Seolah hidup ini tidak ada nilainya lagi. Apalagi kalau seandainya ia tidak akan pernah dikeluarkan di sini. Apa yang bisa ia lakukan selanjutnya?
Menunggu pahlawan lain datang buat membebaskannya? Tapi dari mana si pahlawan itu tahu kalau ada empat orang yang sangat mencintai kebenaran dan keadilan tersekap dalam penjara antah berantah?
Siapa yang bisa membebaskannya kalau dia sendiri tidak mampu untuk mengeluarkan dirinya?
Apakah ia masih perlu buat optimis? Selama apa optimis kalau ia akan keluar akan mampu bertahan?
Entah. Rangga tidak bisa menjawabnya. Rasanya semuanya gelap. Ia tidak tahu arah, ia tidak bisa melakukan apa pun buat menyelamatkan dirinya, juga teman-temannya.
Tidak berdaya.
Kapan siang, kapan malam, Rangga tidak tahu, lama sekali dia berada di sana. Lampu-lampu di selnya selalu menyala. Menyilaukan.
Rangga ingin meredupkan lampu-lampu itu, jadi ia merusakkan beberapa lampu di sana dan ruangannya menjadi lebih gelap. Dengan begitu ia bisa tidur dengan lebih nyaman.
"Hei apa yang kau lakukan?" protes petugas dari lubang tempat makanan diantar.

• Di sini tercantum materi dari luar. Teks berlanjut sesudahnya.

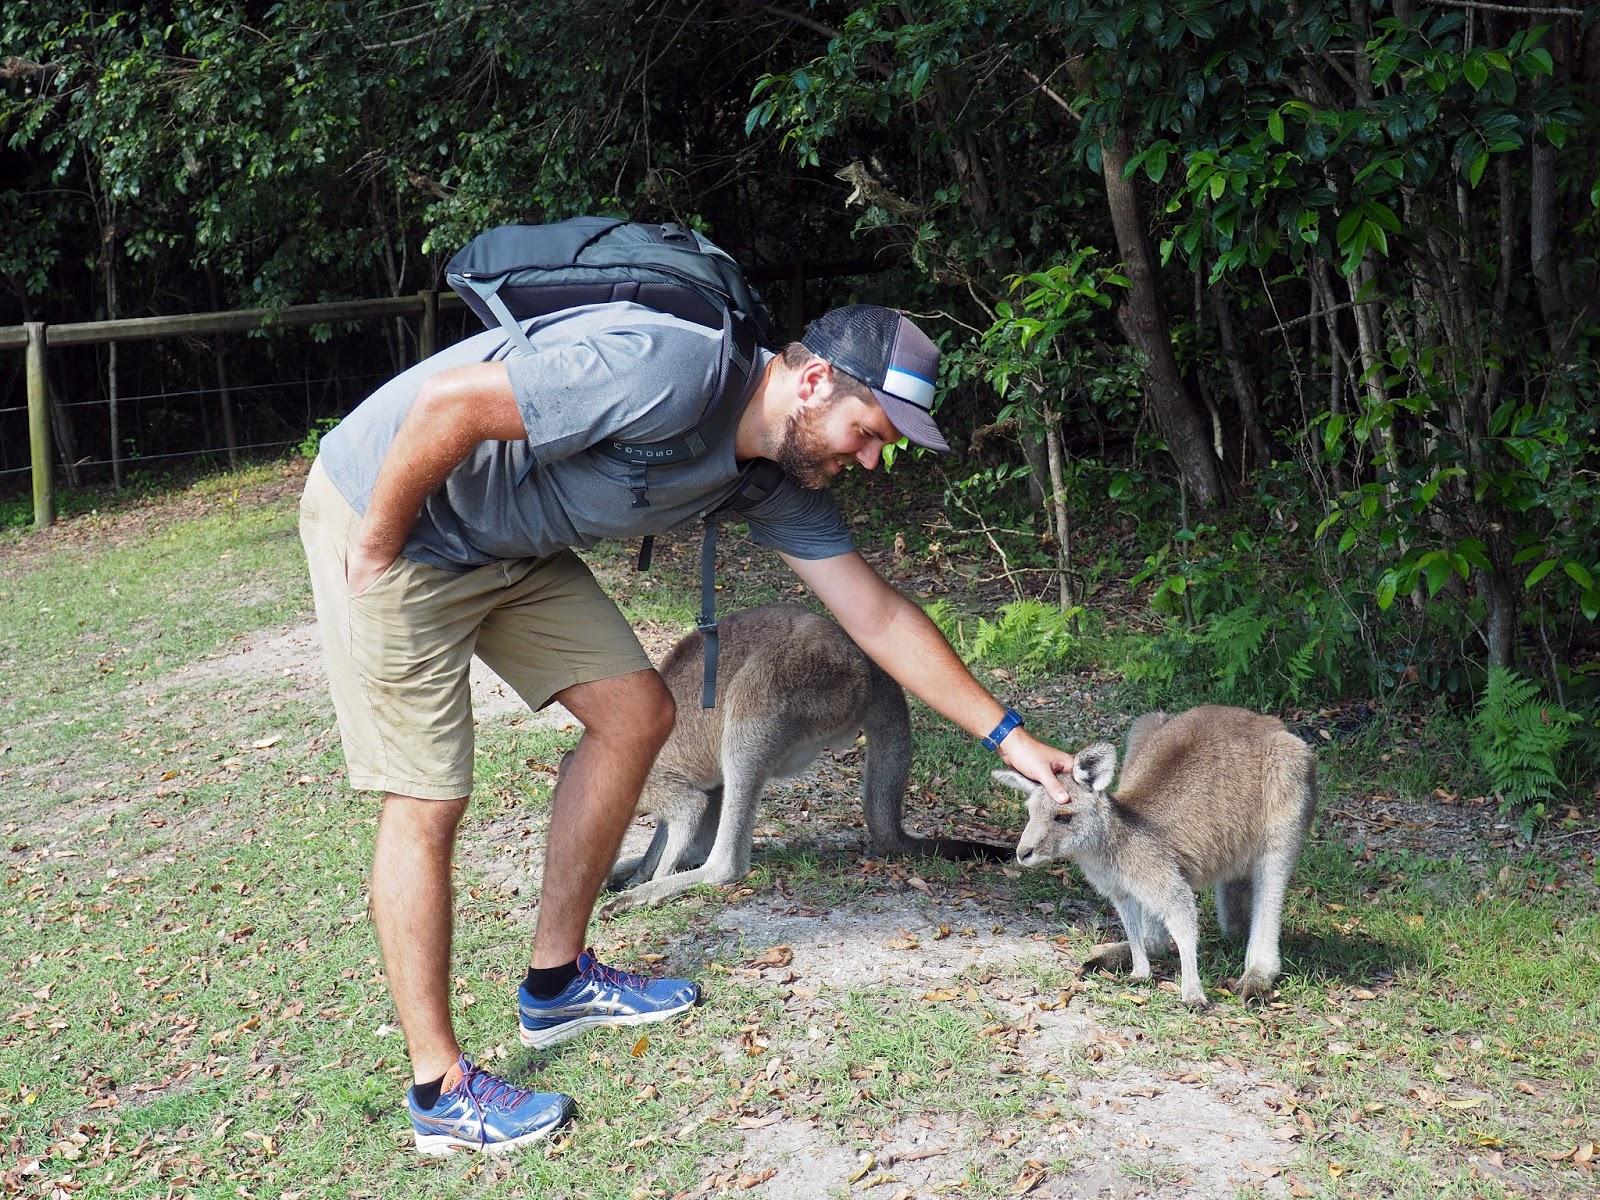 Male with Kangaroos at Diamond Head Campground

"Pak, saya ingin bicara.... Tolong."
"Apa kau merusakkan penjara?" desak si petugas.
"Saya hanya memecahkan beberapa lampu dan ...."

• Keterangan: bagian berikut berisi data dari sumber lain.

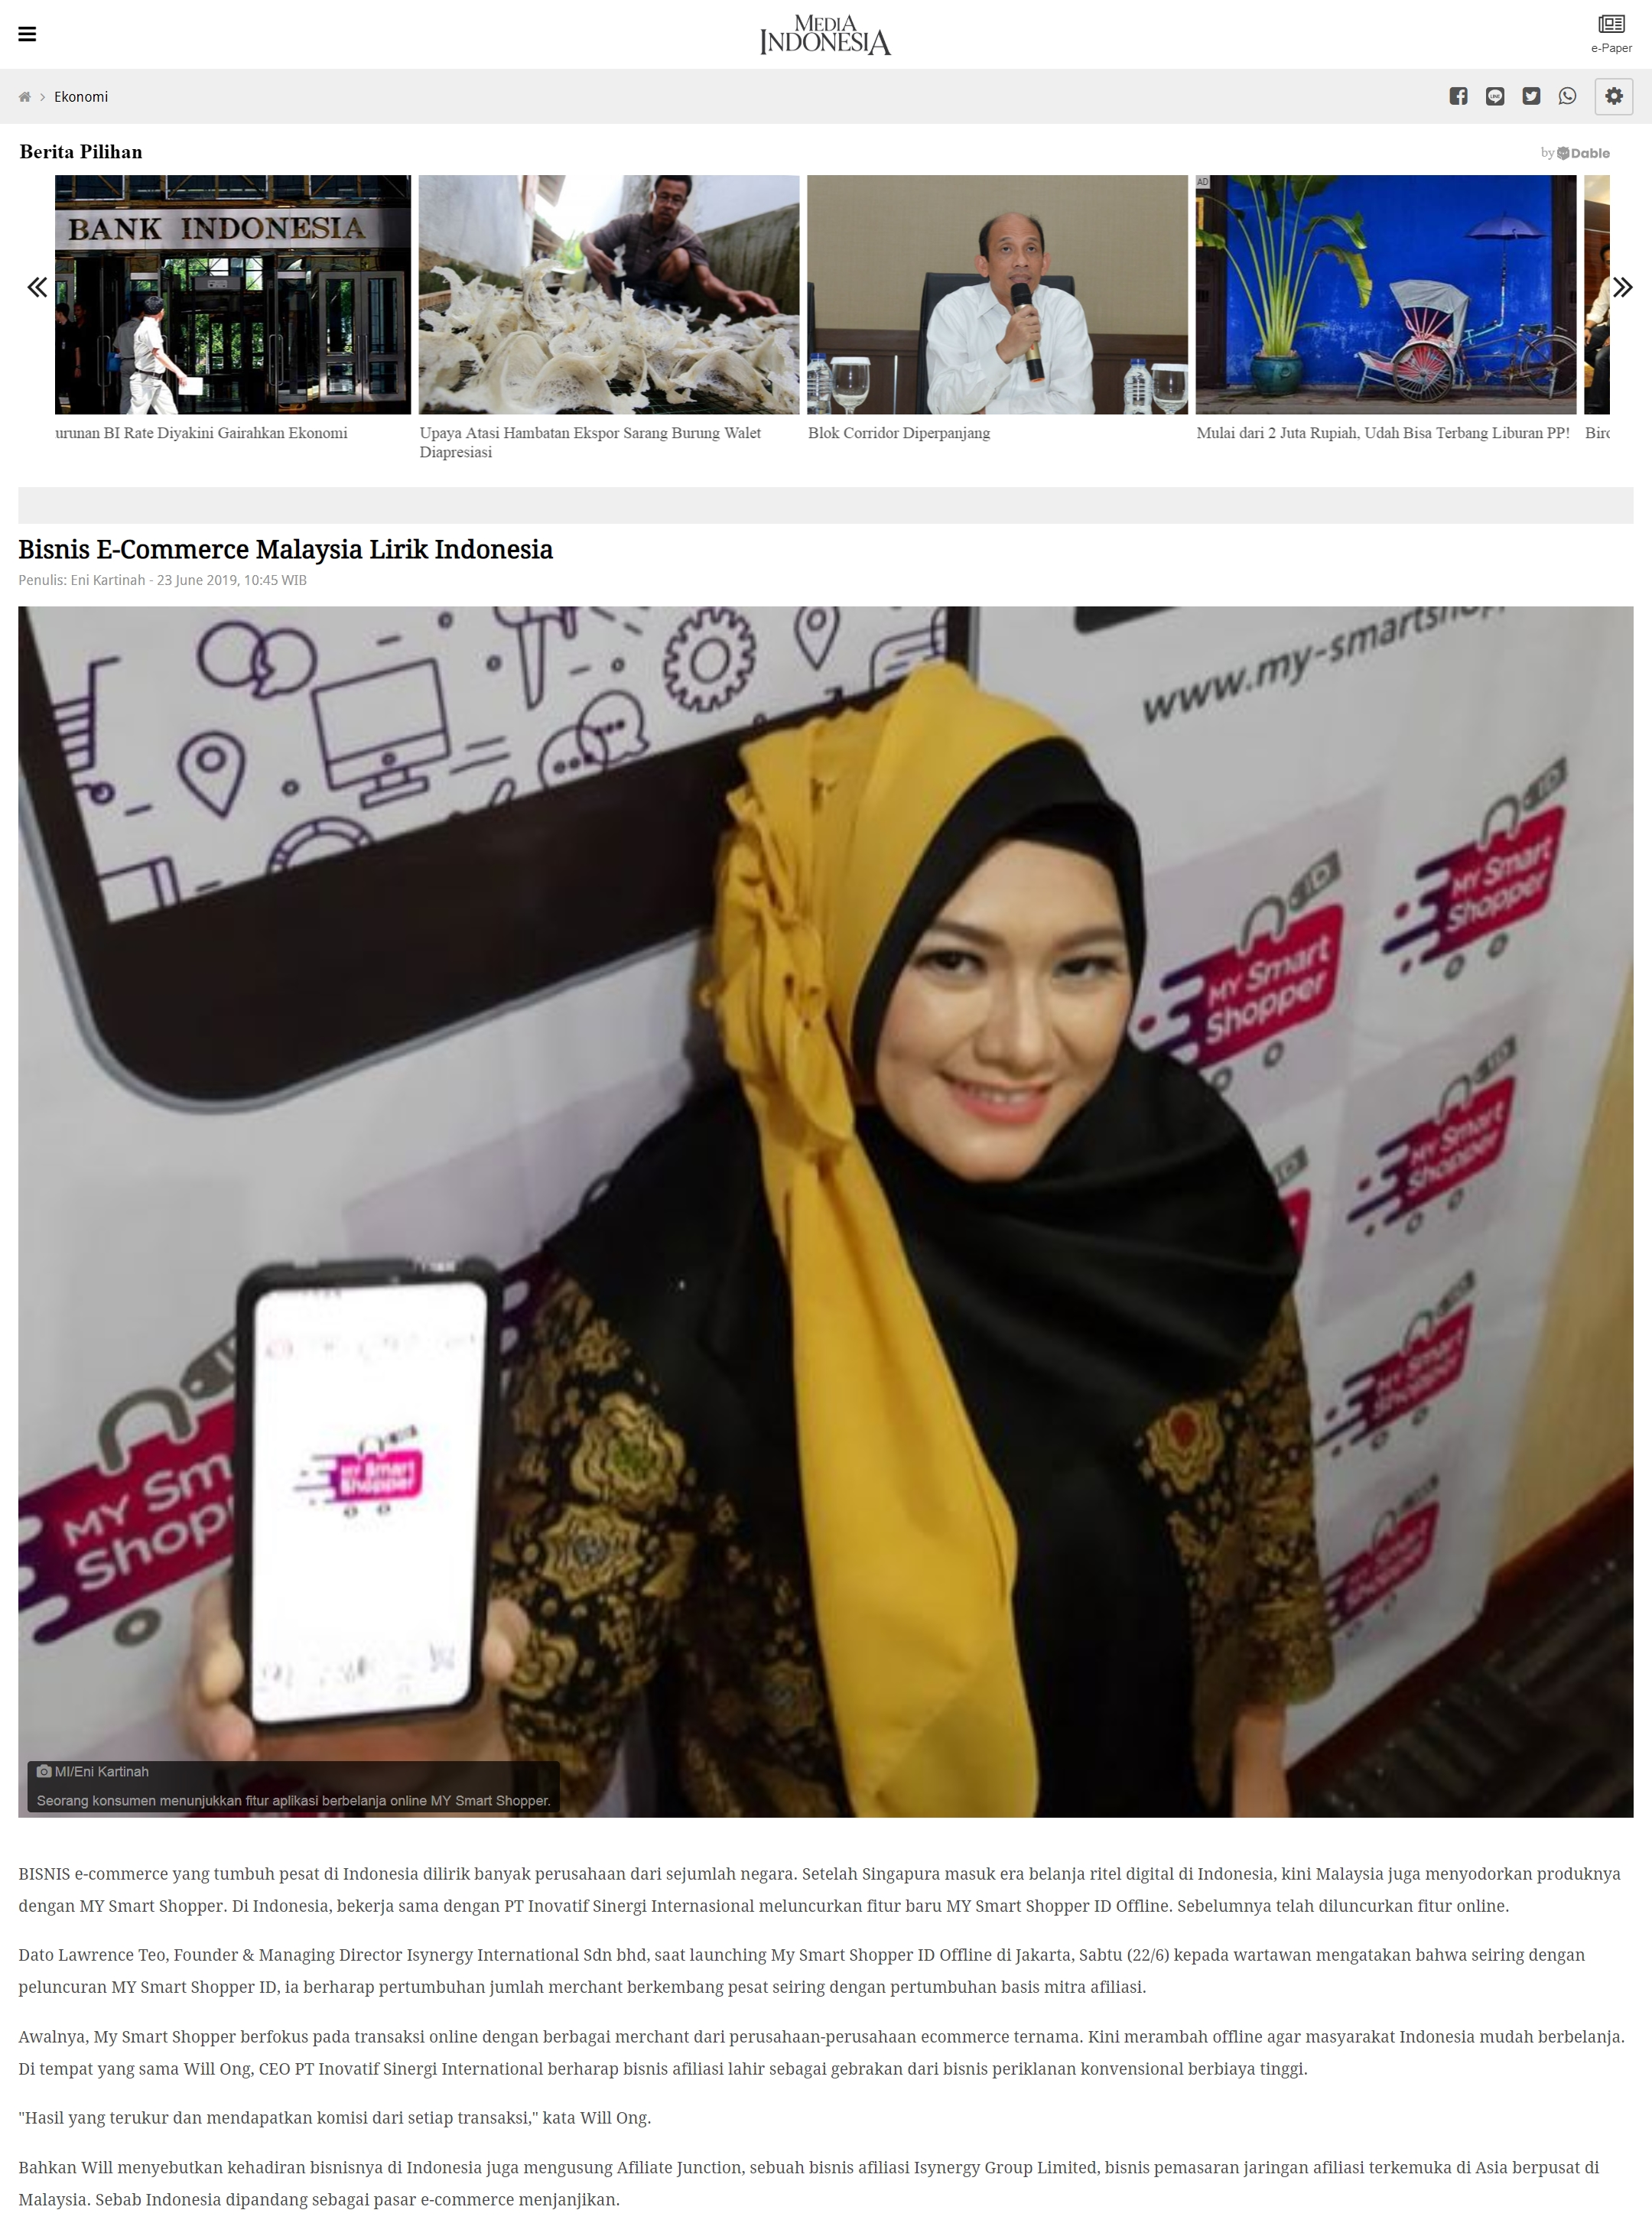 MediaIndonesia_BisnisECommerceMalaysiaLirikIndonesia_23June2019

"Sudah kuduga, kau memang tidak memiliki kemampuan buat keluar dari sini."
Kesempatan! Rangga akan mencoba mengajak bicara lebih banyak. Ia perlu menumpahkan segala pertanyaan di kepalanya setelah berjam-jam sendirian tanpa ada kawan bicara.
"Memangnya ini tempat apa pak?"
"Penjara dengan tingkat keamanan tinggi. Tahan api, tahan tekanan. Kau tidak akan bisa membuat dindingnya lecet sedikit pun," jelas si petugas.
"Presiden langsung yang memerintahkan agar kalian di tempat kan di sini."
"Presiden Cleopatra...." gumam Rangga setengah hati. "Bagaimana keadaan di luar pak?"
"Jauh tenang di sini. Presiden ingin Indonesia harus berjaya seperti masa Sriwijaya dan Majapahit."
"Sriwijaya dan Majapahit?" tanya Rangga binggung.
"Memperluas wilayah Indonesia. Saat zaman kerajaan itu kan lebih luas dari pada yang sekarang," sahut si petugas santai.
"Apa itu artinya perang?" tanya Rangga, ngeri.
Sepertinya petugas itu tengah mengangguk, ia bisa merasakannya.
"Perang, kenaikan pajak. Kurasa di sini sangat tenang. Petugas di sini sangat senang ditugaskan di penjara khusus ini karena kami tidak perlu terlibat dalam kerusuhan. Kami melihatnya di televisi, Indonesia sedang kacau sekarang."
Rangga menundukkan kepalanya. Situasi di luar ternyata sangat mengerikan dan tidak ada seorang pun yang mampu melawan Cleopatra.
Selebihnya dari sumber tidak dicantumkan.